The vaccine, a key tool for collective immunity

Loïc Hervé notes in his messages that the health pass does not protect against contamination. This is partially true, but it should be emphasized that the Scientific Council from the start saw this tool as a means of “minimize the risk of contamination by the Sars-CoV-2 virus”, without guaranteeing to be completely protected. In the same way, moreover, as the vaccine, designed above all to protect serious forms and which only partially protects against infection.

Moreover, with regard to the objective of collective immunity, on the other hand, the senator disseminates misleading remarks. It is fair to point out that at the present time and despite the vaccination, we have failed to achieve this immunity, but this is actually not due to a lack of efficacy of the vaccine. It should no longer be explained by the excessively high proportion of French people who remain hostile to vaccination.
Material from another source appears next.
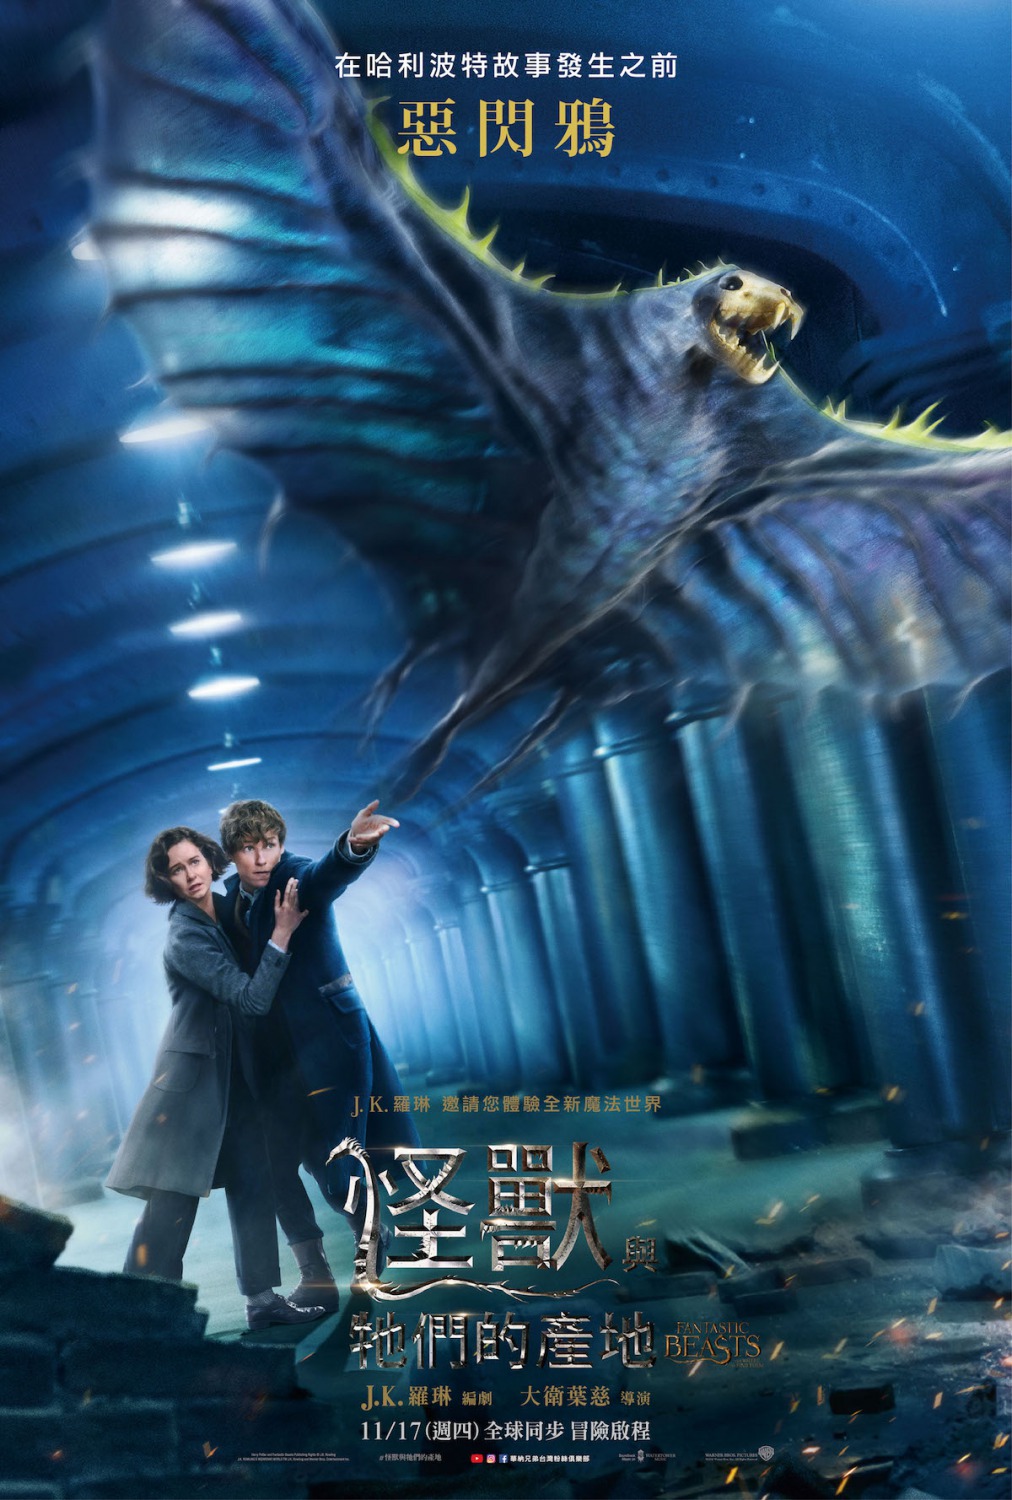 Extra Large Movie Poster Image for Fantastic Beasts and Where to Find Them (#21 of 23)

Today, experts believe that a 90% vaccinated population would be a minimum threshold to reach in order to hope for collective immunity. This is still quite a long way off due to the approximately 18 million people who today do not have a complete vaccination schedule. The opening of injections every 5-11 years could also make it possible to gradually approach 90%.

Finally, it should be noted that the virus we are now struggling with is no longer quite the same as the one that circulated at the time when vaccines were developed. “the arrival of more infectious variants has increased the proportion of the population requiring protection”Inserm immunologist Frédéric Rieux-Lauca pointed out to LCI a few days ago.